● **Exercise prompt**:
Without the pictures, write the listing out again exactly as it appears.

● **Given information**:
--- START ---
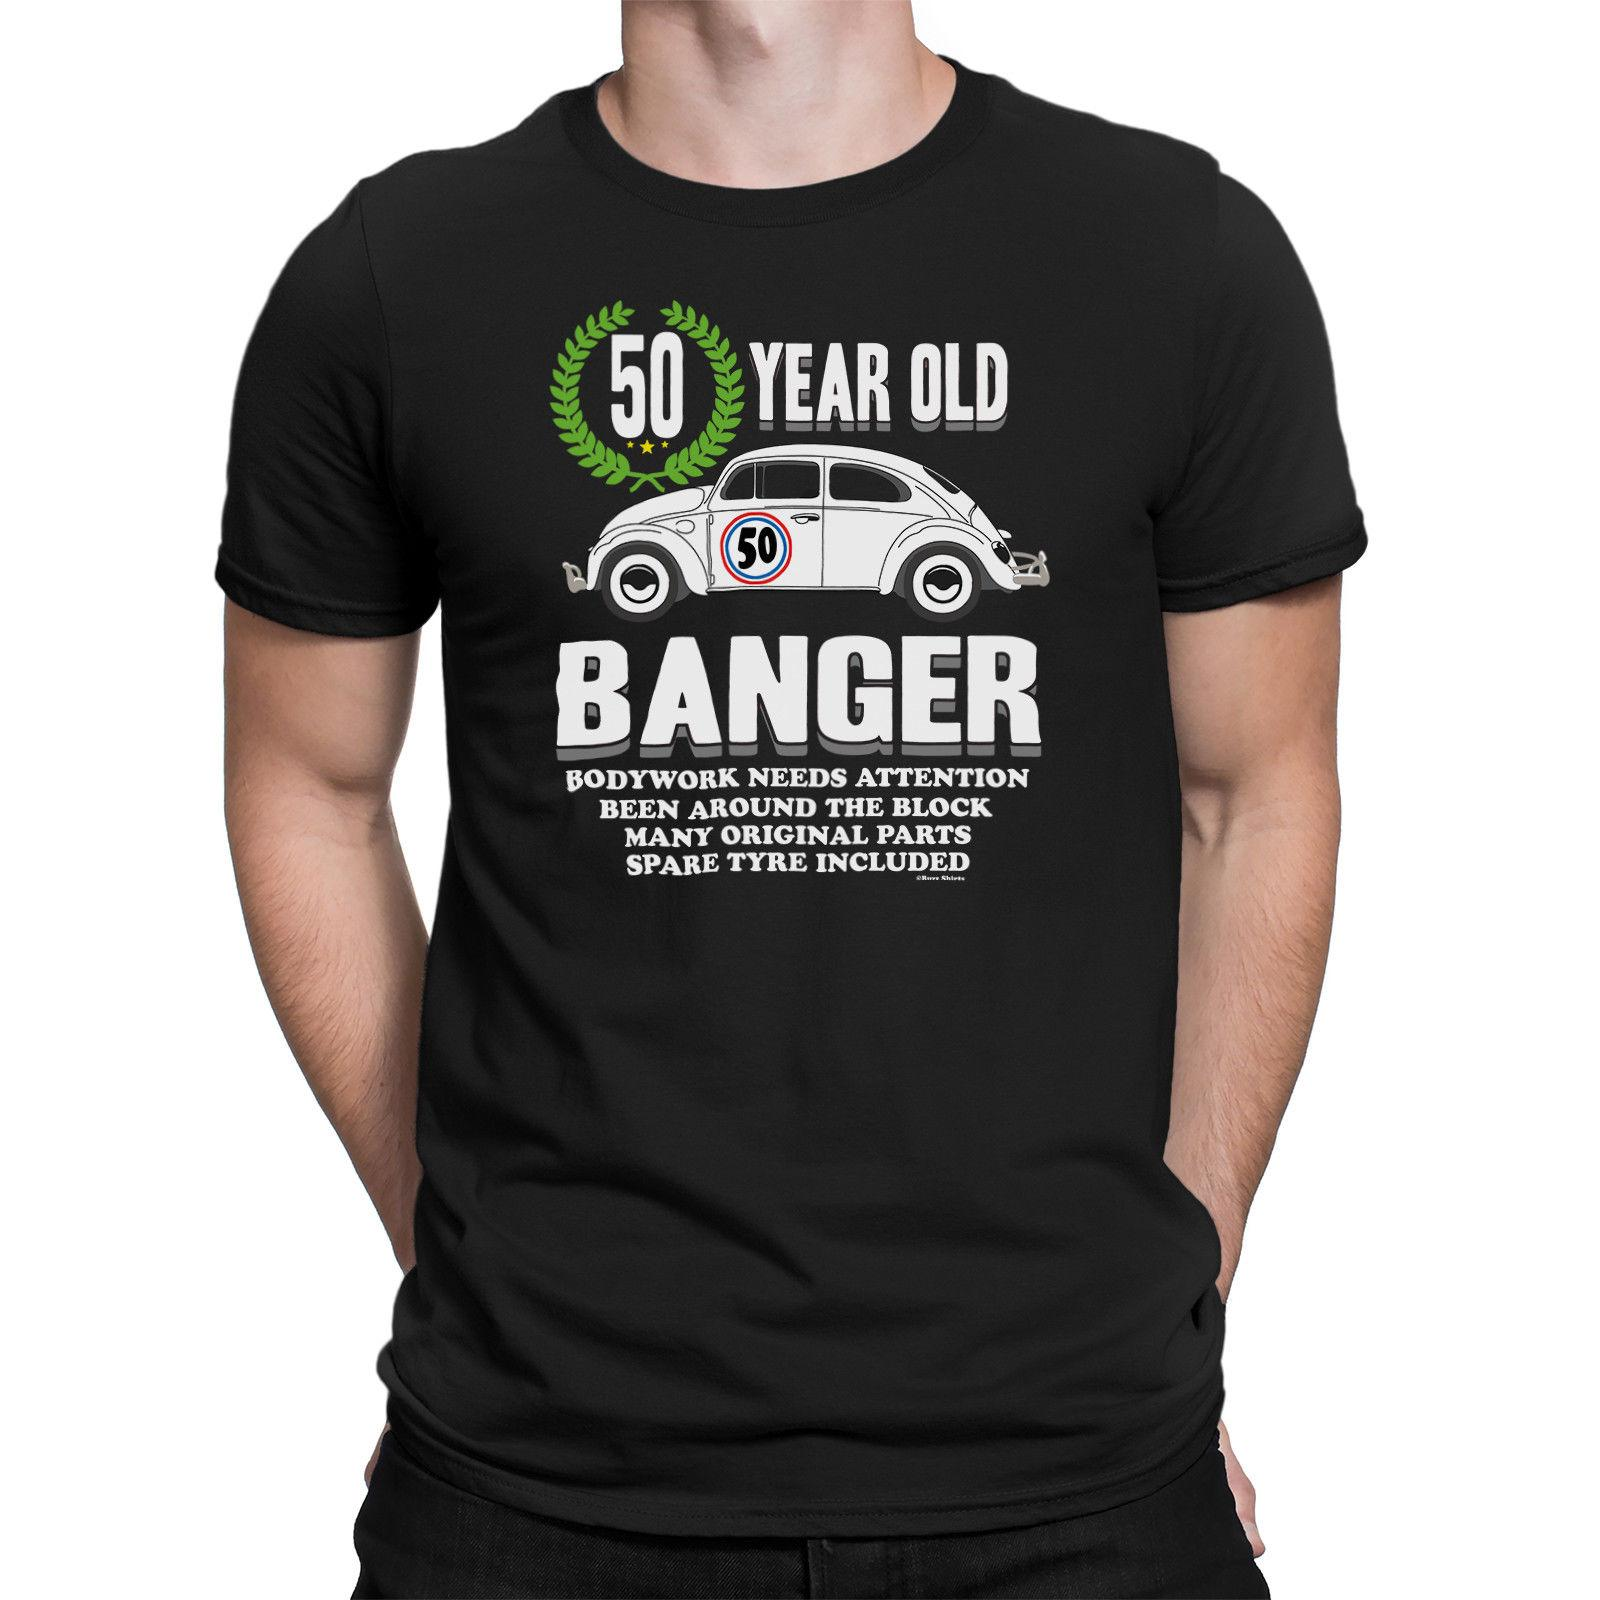 Mens 50th BIRTHDAY TShirt OLD BANGER 50 Years Old Joke Gift Fifty Print Short Sleeve Men Top Novelty T Shirts MenS Brand Clothing Tna Humorous Tee
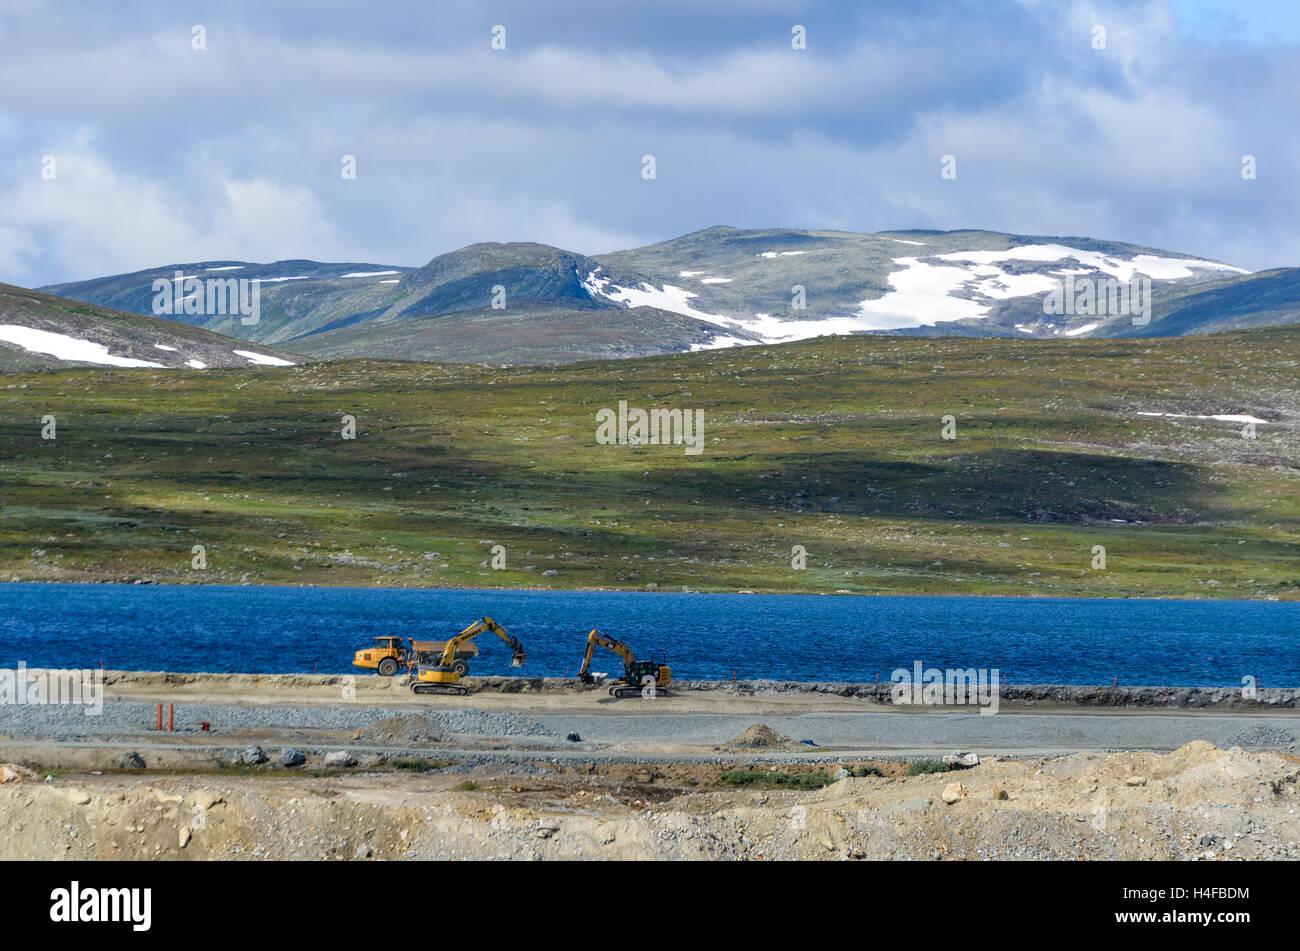 Industria mineraria e le operazioni di ingegneria vicino a Stekenjokk montagne Vildmarksvägen, Svezia Immagini Stock
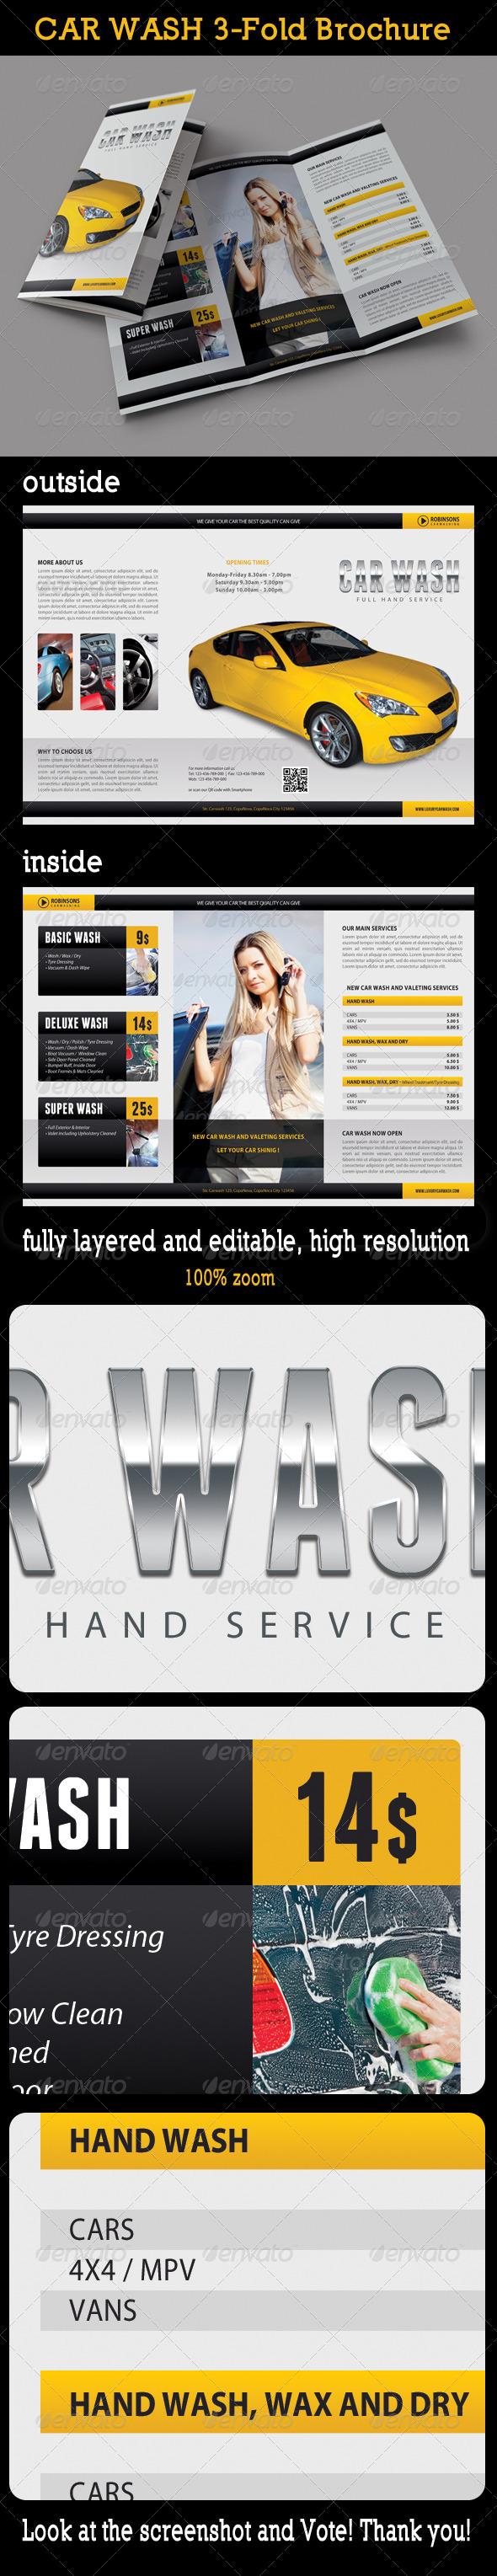 GraphicRiver Car Wash 3-Fold Brochure 7993926
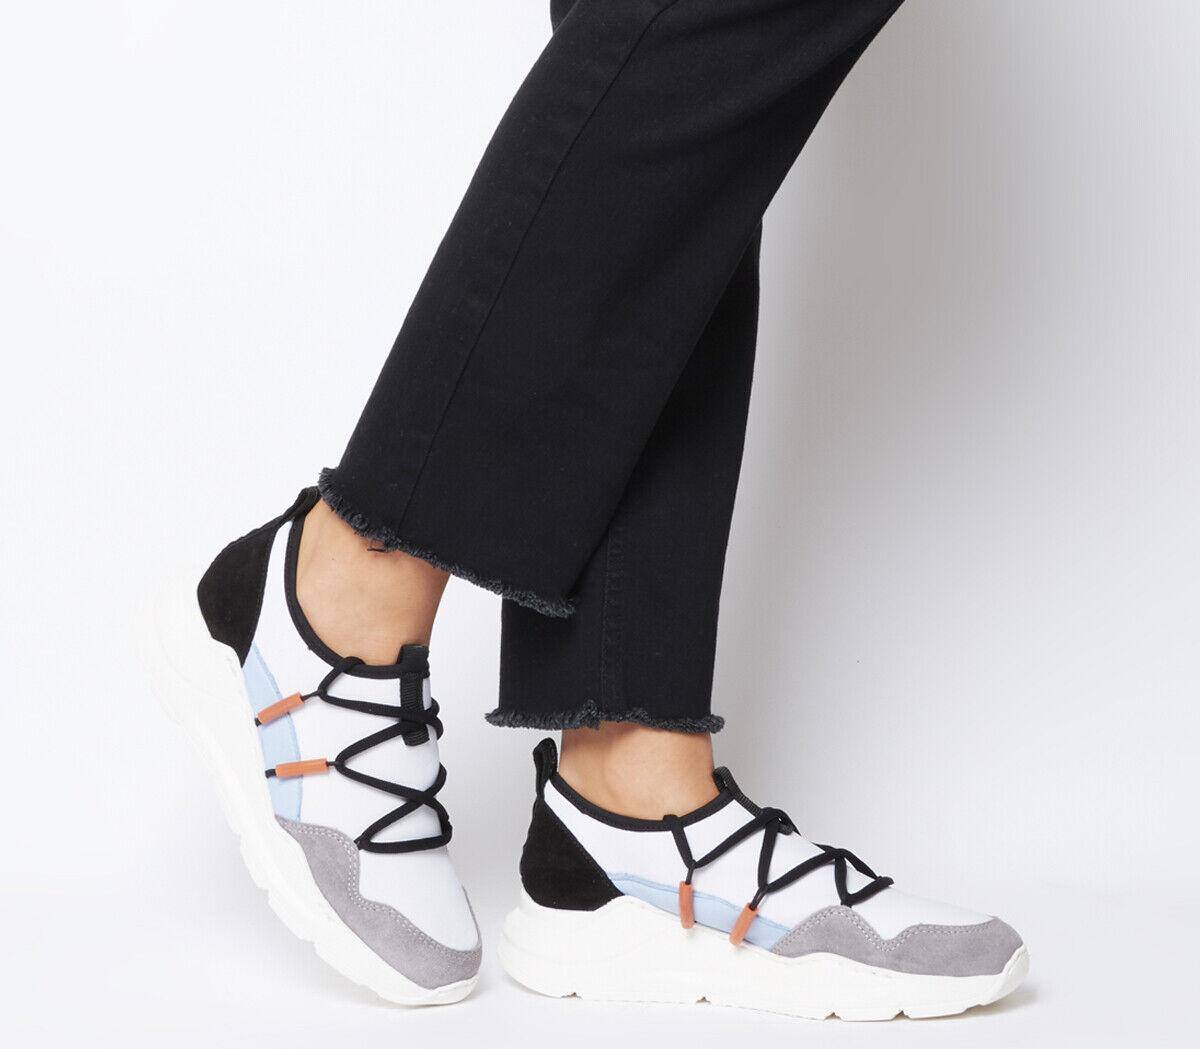 Zapatillas para mujer Oki Kutsu Heishi blancoo gris Naranja Naranja Naranja Pisos  online barato
--- END ---
● **Your response**:
 Mens 50th BIRTHDAY TShirt OLD BANGER 50 Years Old Joke Gift Fifty Print Short Sleeve Men Top Novelty T Shirts MenS Brand Clothing Tna Humorous Tee
 Industria mineraria e le operazioni di ingegneria vicino a Stekenjokk montagne Vildmarksvägen, Svezia Immagini Stock
 GraphicRiver Car Wash 3-Fold Brochure 7993926
 Zapatillas para mujer Oki Kutsu Heishi blancoo gris Naranja Naranja Naranja Pisos  online barato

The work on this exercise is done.